Selon lui, la région a été délaissée par l’État par le passé et « la République n’a pas toujours été à la hauteur ». L’ancien ministre souhaite changer les choses. « Après la fermeture des mines, rien n’a été fait. Il est très important de rendre hommage aux personnes qui y ont travaillé. » Pour lui, ce territoire est un lieu stratégique car « c’est une région au cœur de l’Europe ». Elle est cependant face à certains problèmes selon lui : « l’alcoolisme et le tabagisme se sont peu à peu installés dans le bassin minier. Tout comme l’échec scolaire. Il faut traiter cela en urgence afin de rendre le quotidien de ces personnes meilleur. »

Après deux heures de visite, le leader du mouvement « En marche » se rendait à Hénin-Beaumont. »

Front national et Parti communiste français

N’est pas Zola qui veut. « L’alcoolisme et le tabagisme se sont peu à peu installés dans le bassin minier »… Du « mépris de classe », selon le maire d’Hénin-Beaumont, Steeve Briois, du « mépris social », selon Florian Philippot. « Qui méprise le peuple, méprise la France » pour secrétaire national du Parti communiste, Pierre Laurent, sur Twitter.

Du mépris ? A coup sûr l’incompréhension, par le bourgeois, de ce que le pauvre supporte ou pas (il y avait déjà eu, en 2015, l’affaire de l’illettrisme salariés de l’abattoir de porcs Gad, dans le Finistère.). A ce titre M. Macron vient de commettre une faute politique. Restait le rationnel épidémiologique. L’ancien secrétaire général adjoint de l’Elysée a tenté de répliquer dans un communiqué, citant les « territoires paupérisés » et un article de La Voix du Nord de 2015 affirmant que la surmortalité dans le Nord et le Pas-de-Calais atteignait « 29 % chez les hommes par rapport à la moyenne nationale et 22 % chez les femmes » ; c’était s’enfoncer.

Maladresse politique

Et l’ancien ministre de l’Economie de citer des propos tenus par le Dr Jean-Yves Grall (un Breton) alors directeur de l’Agence régionale de santé du Nord-Pas-de-Calais : « une forte précarité socio-économique (RSA, chômage), des habitudes de vie, notamment alimentaires, liées à la précarité, avec leurs conséquences (diabète, obésité), beaucoup d’addictions (alcool, tabac, drogue), qui sont d’ailleurs des marqueurs de la précarité ».

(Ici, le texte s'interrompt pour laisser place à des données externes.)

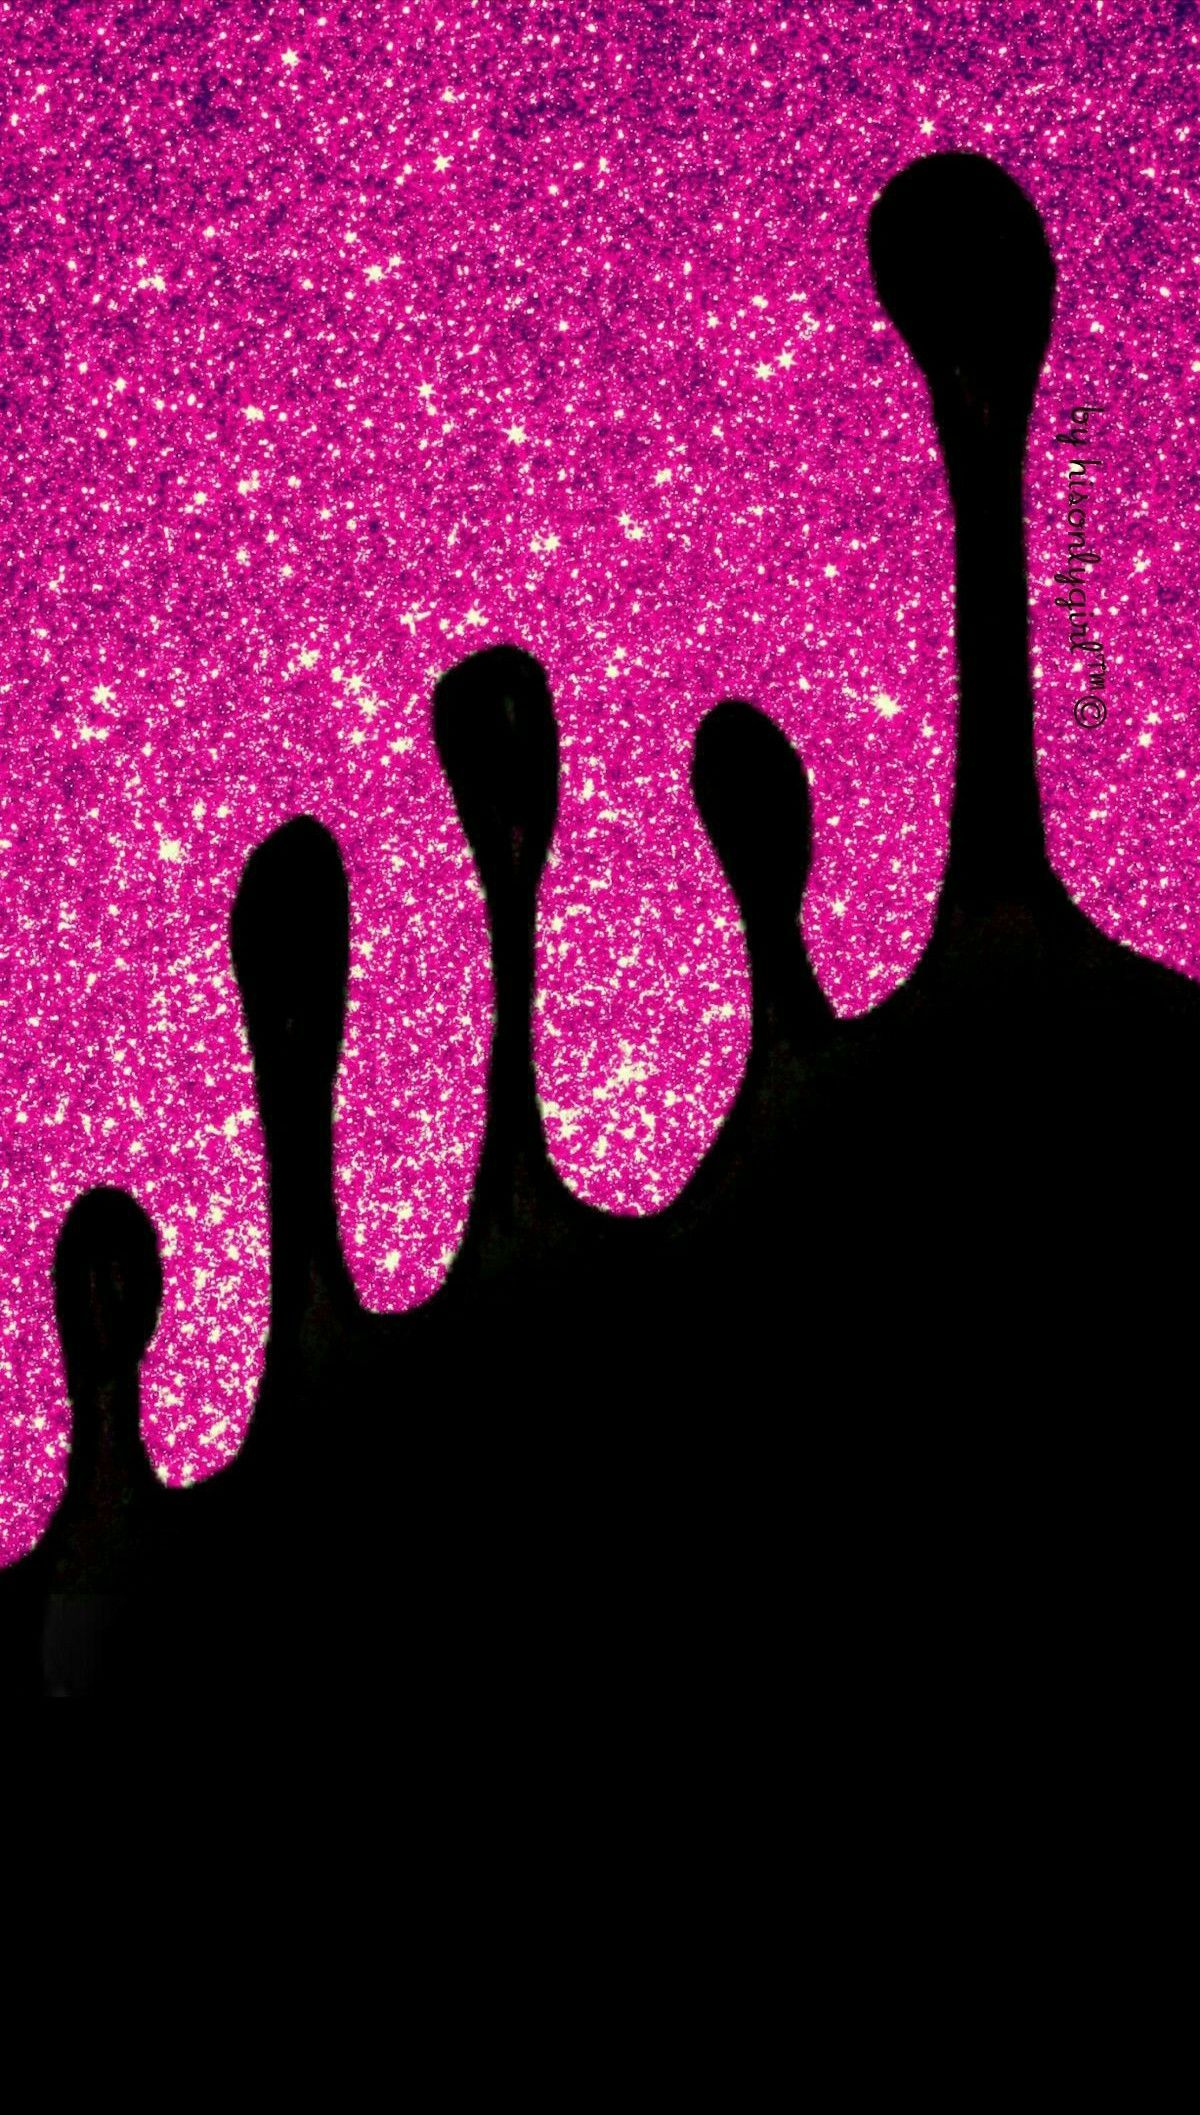 Dripping Pink glitter on black background - #Android and iPhone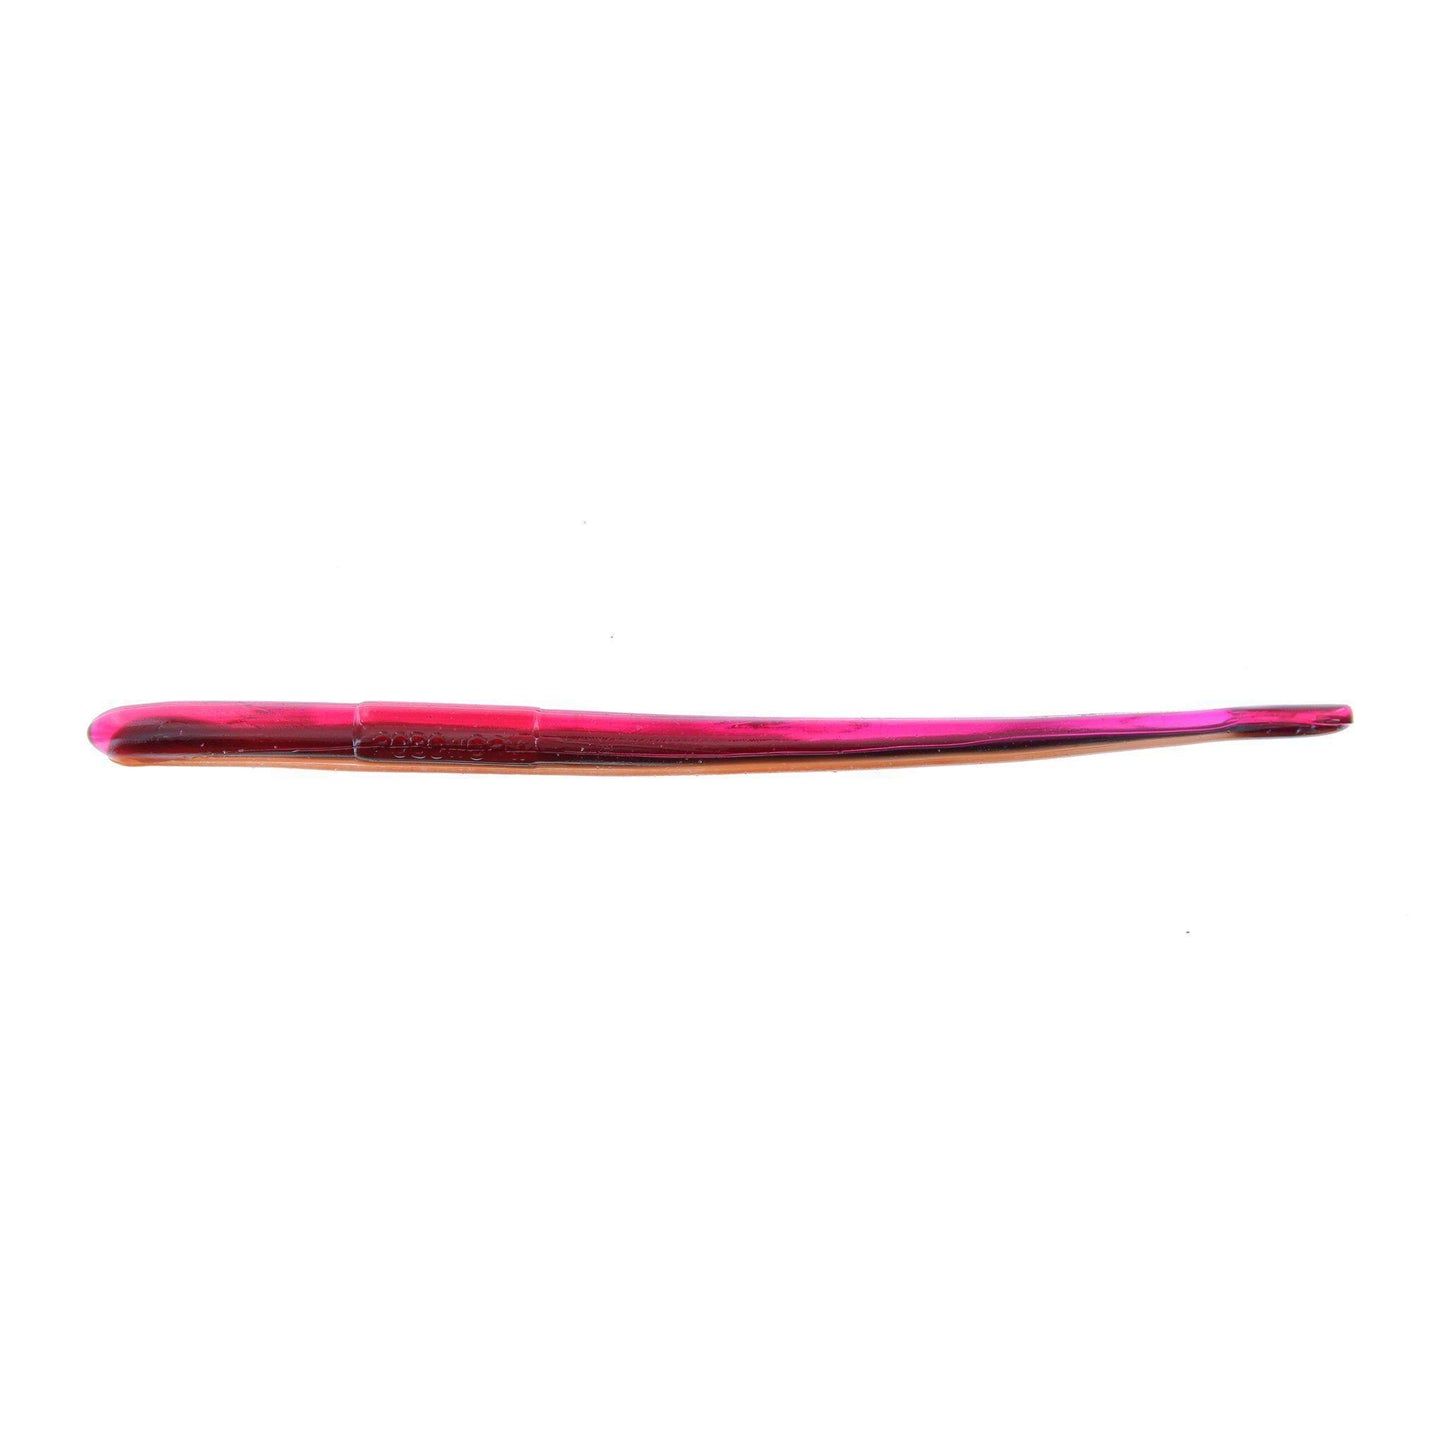 Roboworm Straight Tail 6" Sr-Hj0 Red Craw 10Pk

Mieux conseillé Emmanuel Macron aurait pu citer le syndrome d’alcoolisation fœtale décrit pour la première fois au monde (après le Dr Paul Lemoine à Nantes) par le Dr P. Dehaene à Roubaix. On pourrait additionner les chiffres et les publications. Ils n’effaceraient ni la maladresse de l’homme politique jamais élu, ni la sensation d’agression vécue par une population ainsi visée.